# Coronavirus



## Raiden (Mar 12, 2020)

Has the virus affected you guys, or people that you know?

My school is closed and we're doing all classes virtually. Crazy stuff. How about you all?


----------



## Mider T (Mar 12, 2020)

I LOVE Coronavirus!  Stalking Robinhood all day


----------



## Dark Wanderer (Mar 12, 2020)

A couple new cases were reported closer to home yesterday. This morning I walked into work, and we're now required to have our temperature taken before we start working. The dining room for the residents was also closed for the time being.


----------



## Prince Vegeta (Mar 12, 2020)

It has reached the city i live in


----------



## Nataly (Mar 12, 2020)

It is going to affect my traveling for sure


----------



## Yamato (Mar 12, 2020)

Came close to it myself last week.
Cousin said school is doing online courses and exams now till end of spring course.
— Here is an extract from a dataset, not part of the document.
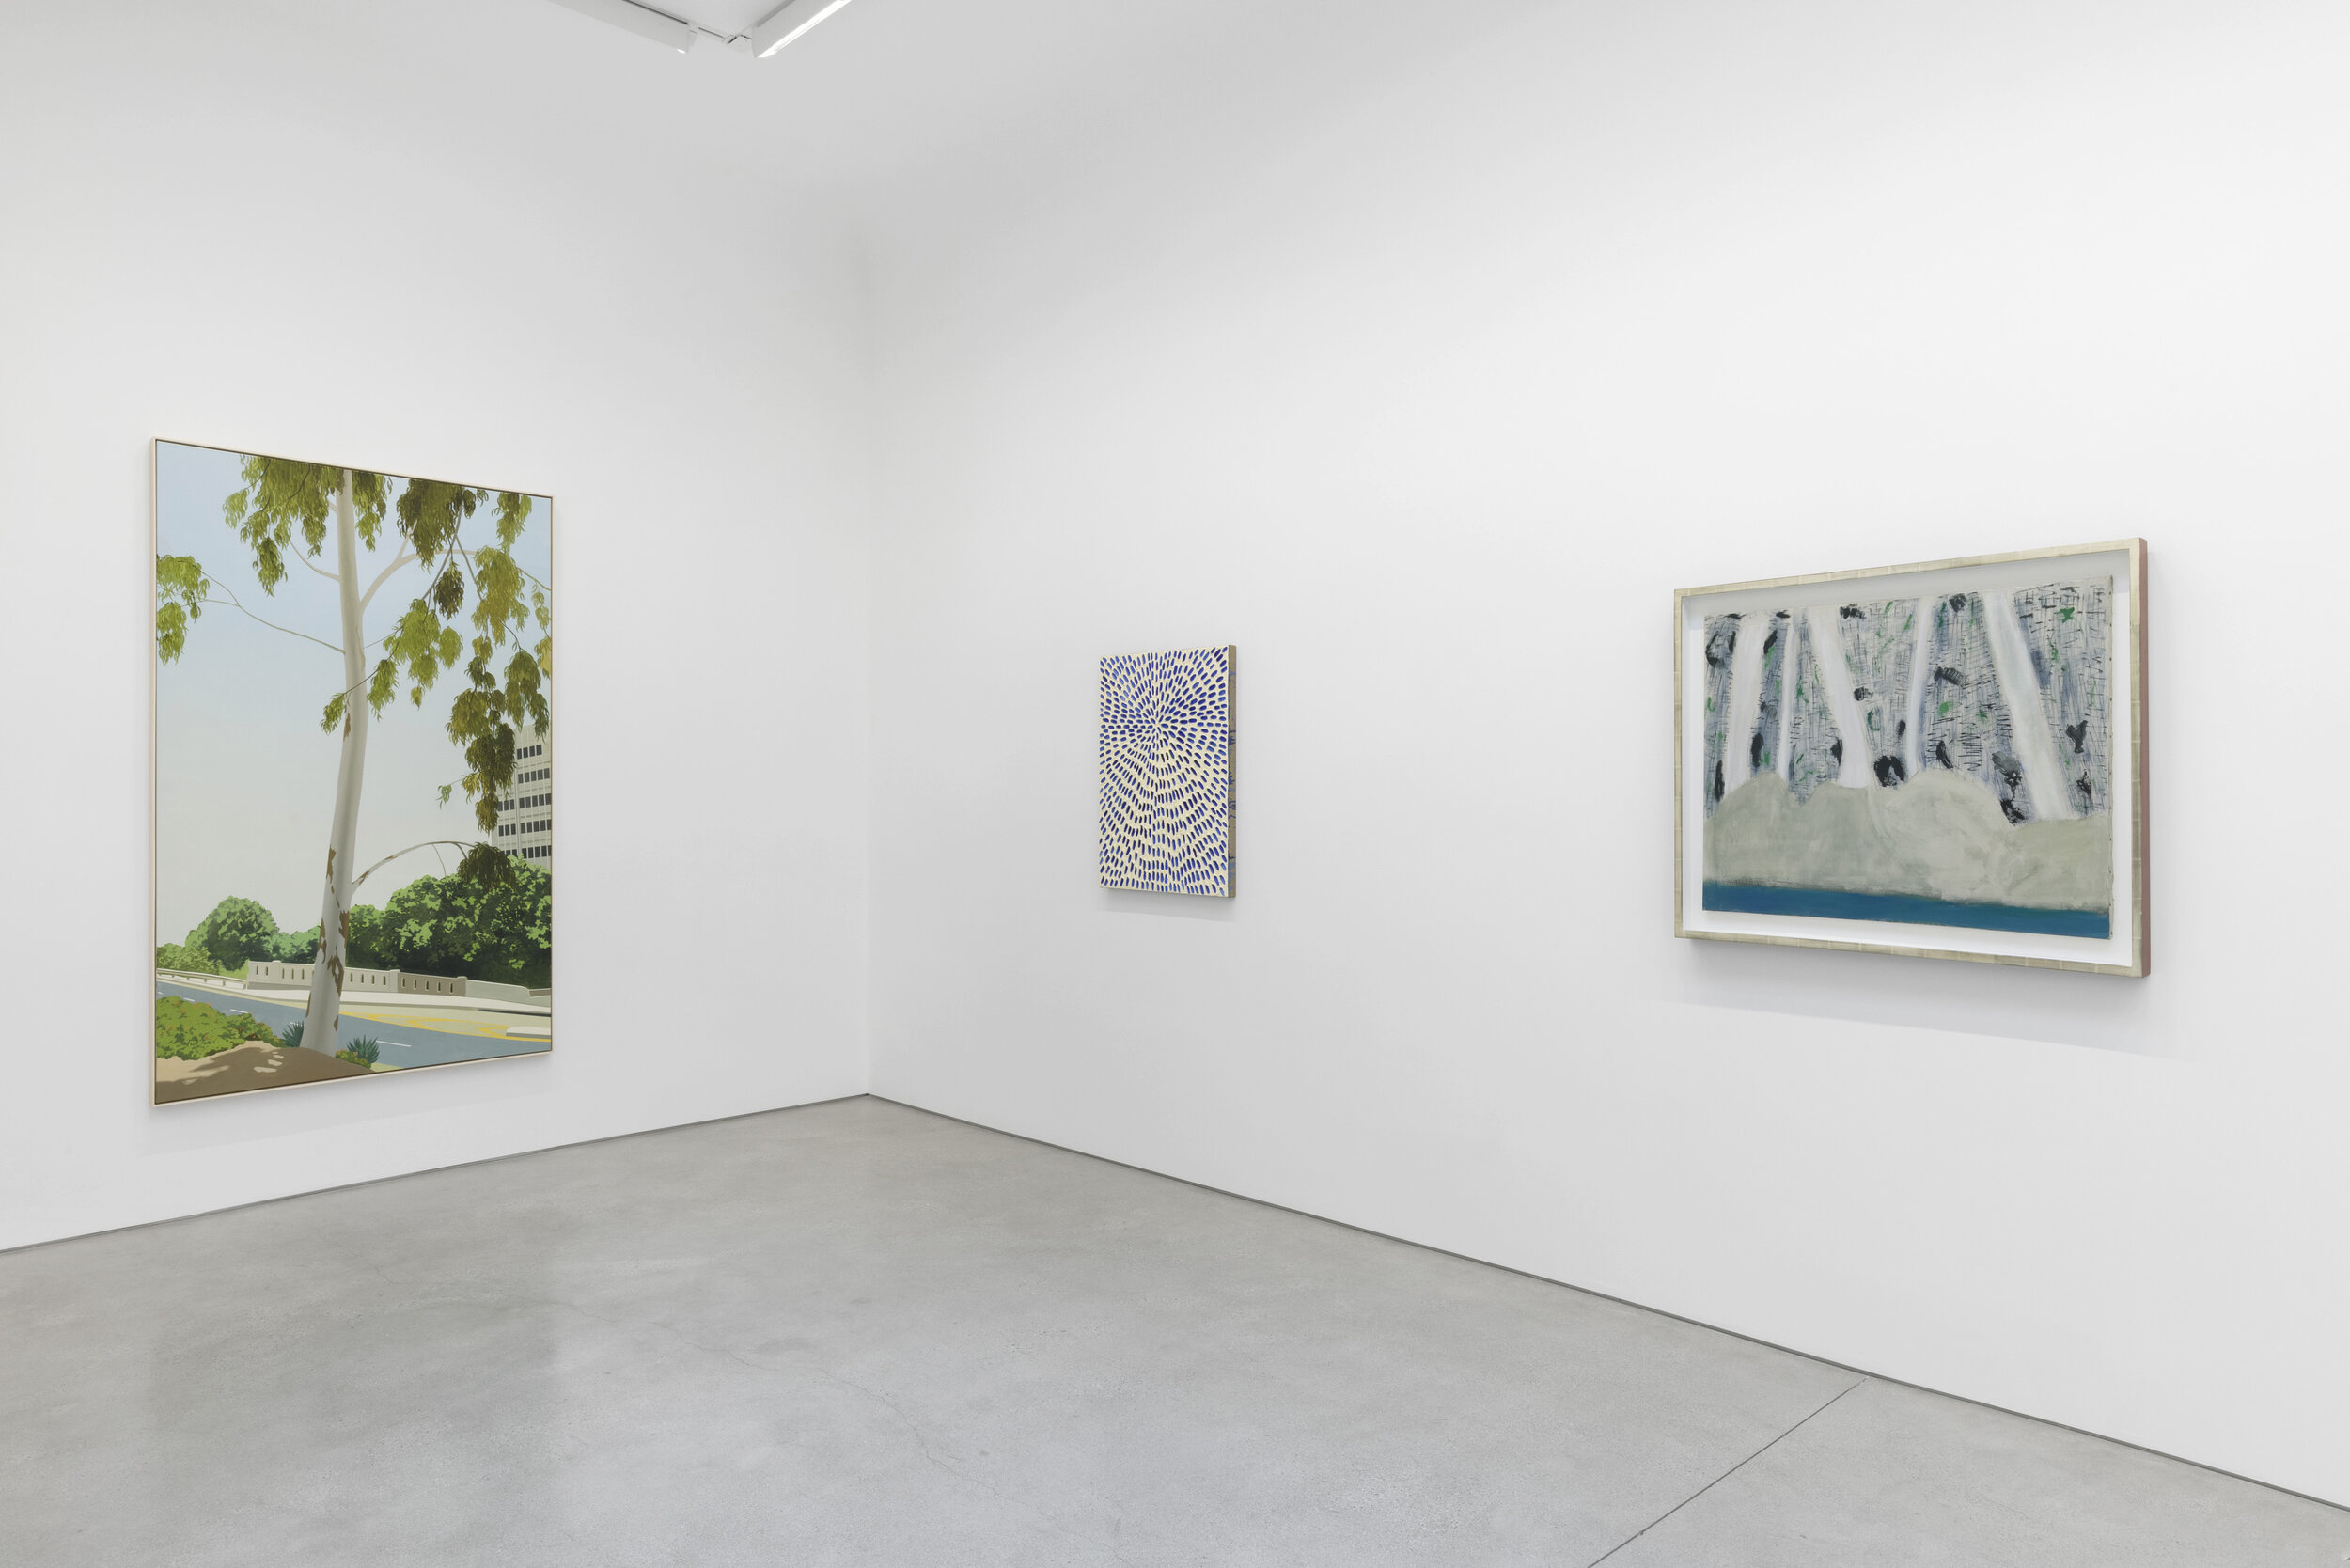   The Beatitudes of Malibu   (installation view)                                             David Kordansky Gallery, Los Angeles CA

People going crazy and buying up all the toilet paper and water and masks.

Lotta cases here.


----------



## Drake (Mar 12, 2020)

Mider T said:


> I LOVE Coronavirus!  Stalking Robinhood all day



I regret not having the extra cash laying around for this... Could've made a shitload more money than I already did if I had just put in some more.


----------



## Nataly (Mar 12, 2020)

I have heard Disneyland and Disney World have closed down.
All the schools in my state are officially closed.


----------



## Mider T (Mar 12, 2020)

Nataly said:


> I have heard Disneyland and Disney World have closed down.
> All the schools in my state are officially closed.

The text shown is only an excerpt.